SATA (2.5" and M.2) SSDs:

• SU900 / SU800—higher-performance SATA models (Silicon Motion SM2258 with DRAM). The SU900 uses 3D MLC, the SU800 3D TLC.
• SU760 / SU750 / SU650 / SU635 / SU630—the entry and mid-range SATA line, mostly without DRAM (SM2258XT, SM2259XT, Realtek or Maxio depending on the batch), TLC or QLC.
• XPG SX950 / SX930 / SX910 / SX900 / SX300—the older higher-performance SATA and mSATA line.
• Premier Pro SP920 / SP910 / SP900 / SP800 / SP550 / SP300, Premier SP610 / SP580—older SATA models (Marvell, SandForce and other controllers).
• S511 / S510 and similar—the oldest Adata SATA SSDs (roughly 2011–2013); we occasionally see them as older patients.

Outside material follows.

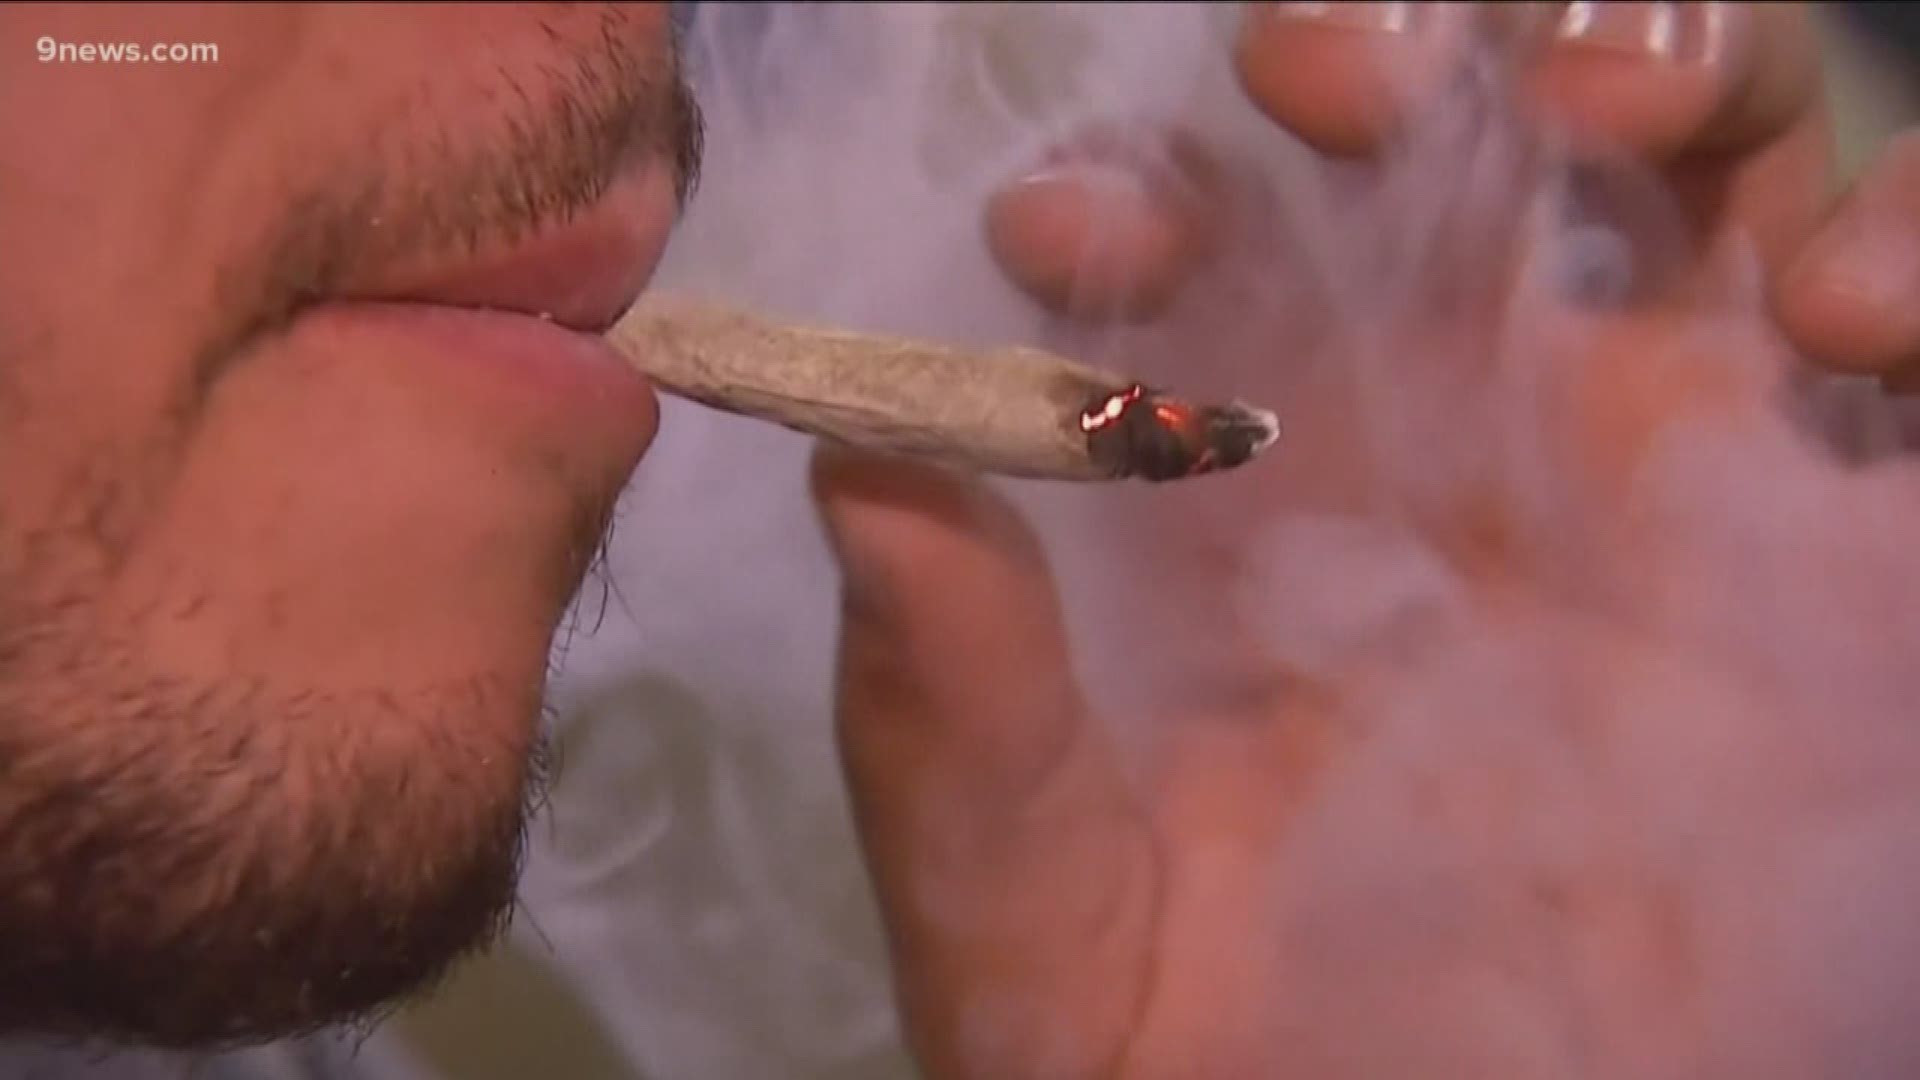 Marijuana delivery is now legal in Colorado, but you can't order pot like a pizza just quite yet

Note: across individual capacities and production batches of the same model, Adata occasionally changes both the NAND supplier and the controller revision. We therefore always verify the specific controller during diagnostics, not from the commercial name.

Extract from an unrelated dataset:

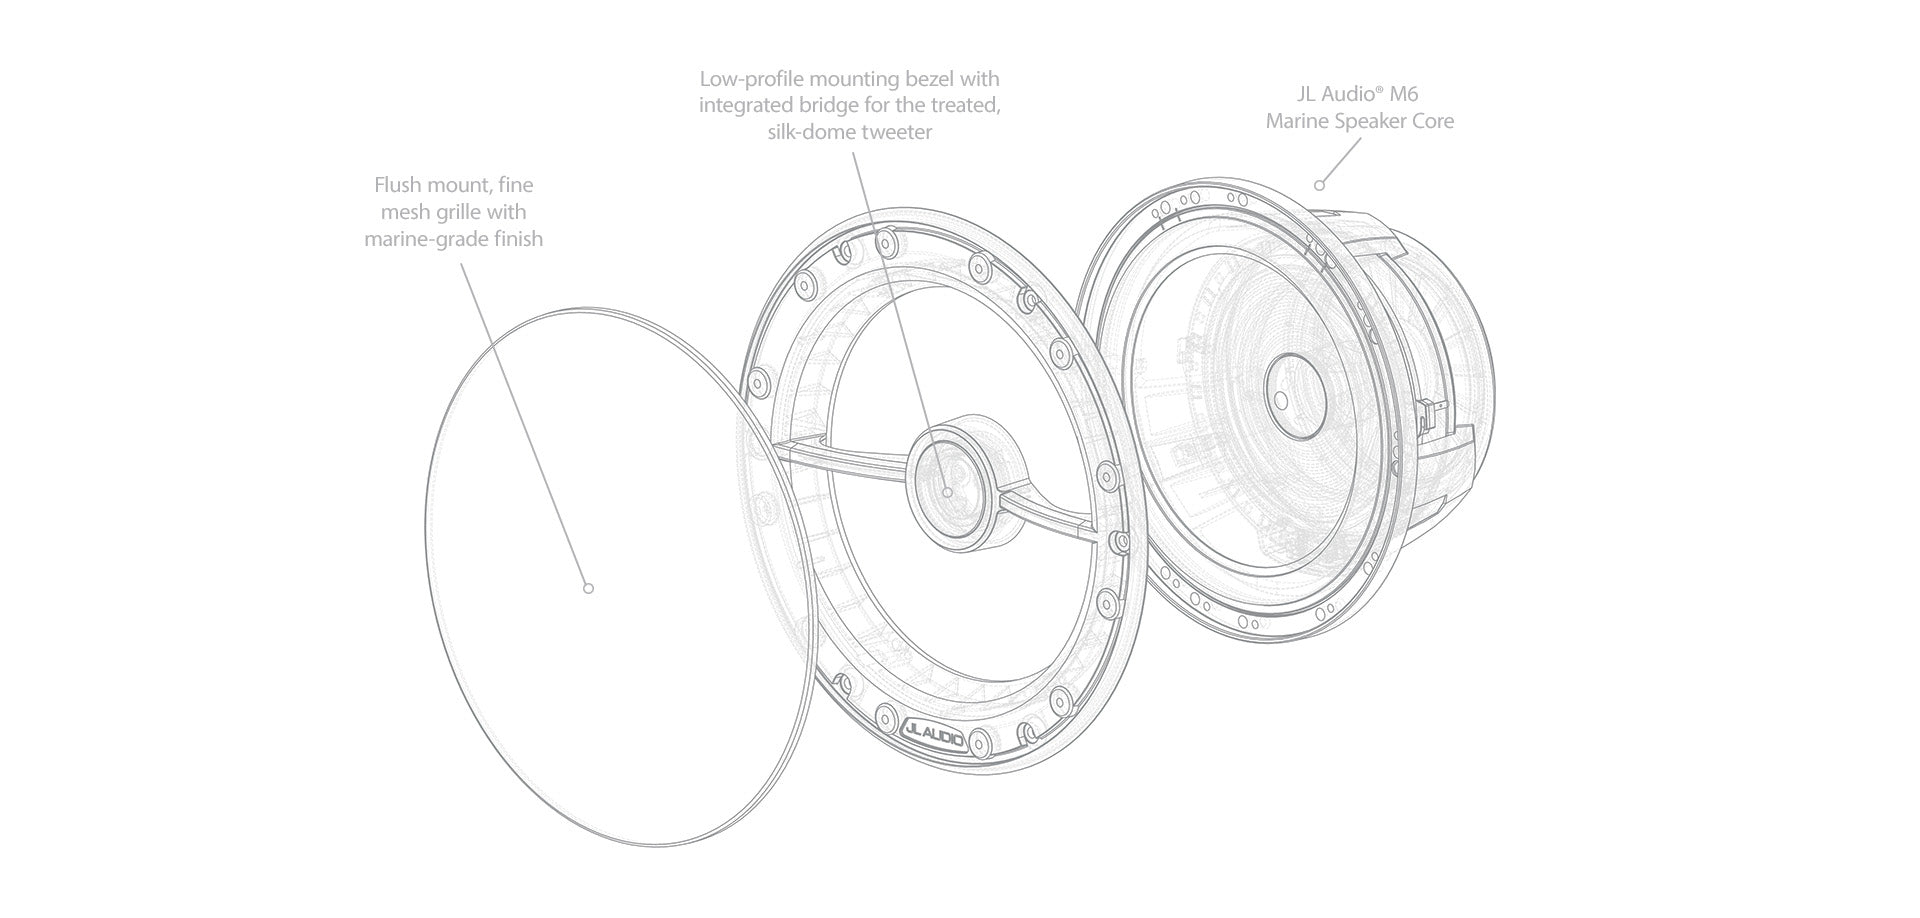 An anatomical diagram of the M6 Luxe, showcasing it's core, bezel, tweeter and grille.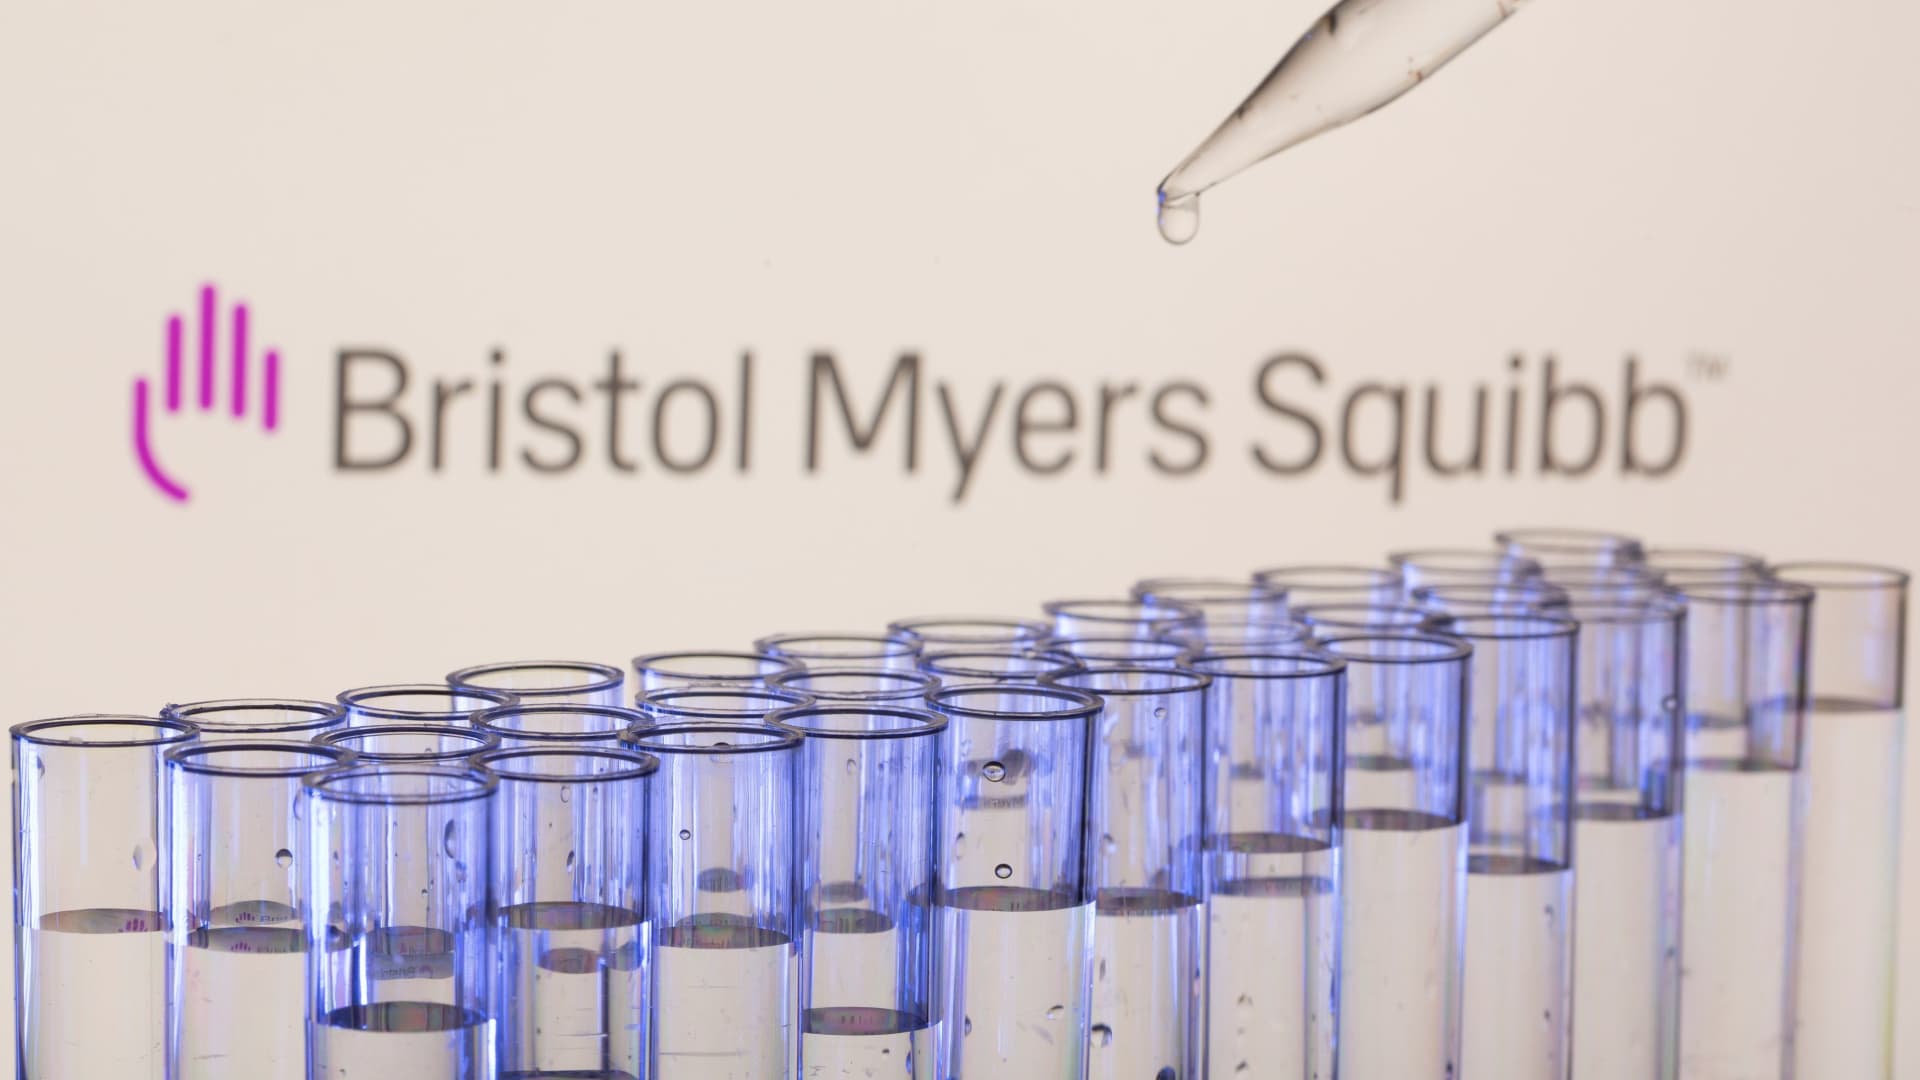 Bristol-Myers Squibb, Twitter, Gilead Sciences and more

2× photos: internal Adata SSDs (XPG Gammix NVMe + SU-series SATA)

External USB SSDs—SE800, SE900G, Elite SE880, SD810

Portable Adata SSDs with a USB interface. Inside is an SSD module (NVMe or SATA) connected to USB through a bridge (typically an ASMedia chip).

• SE800—a rugged portable SSD (IP68, drop resistance), USB 3.2 Gen2. Inside is an NVMe module (InnoGrit IG5208) with an ASMedia ASM2362 bridge. Optional hardware AES-256 encryption.
• SE900G—a portable SSD with RGB lighting, USB 3.2 Gen2x2.
• Elite SE880—a very compact SSD, USB 3.2 Gen2x2, speeds around 2,000 MB/s.
• SD810 / SC685 / SE770G / SE760 / SE730 / SE720—further portable USB SSDs of various generations.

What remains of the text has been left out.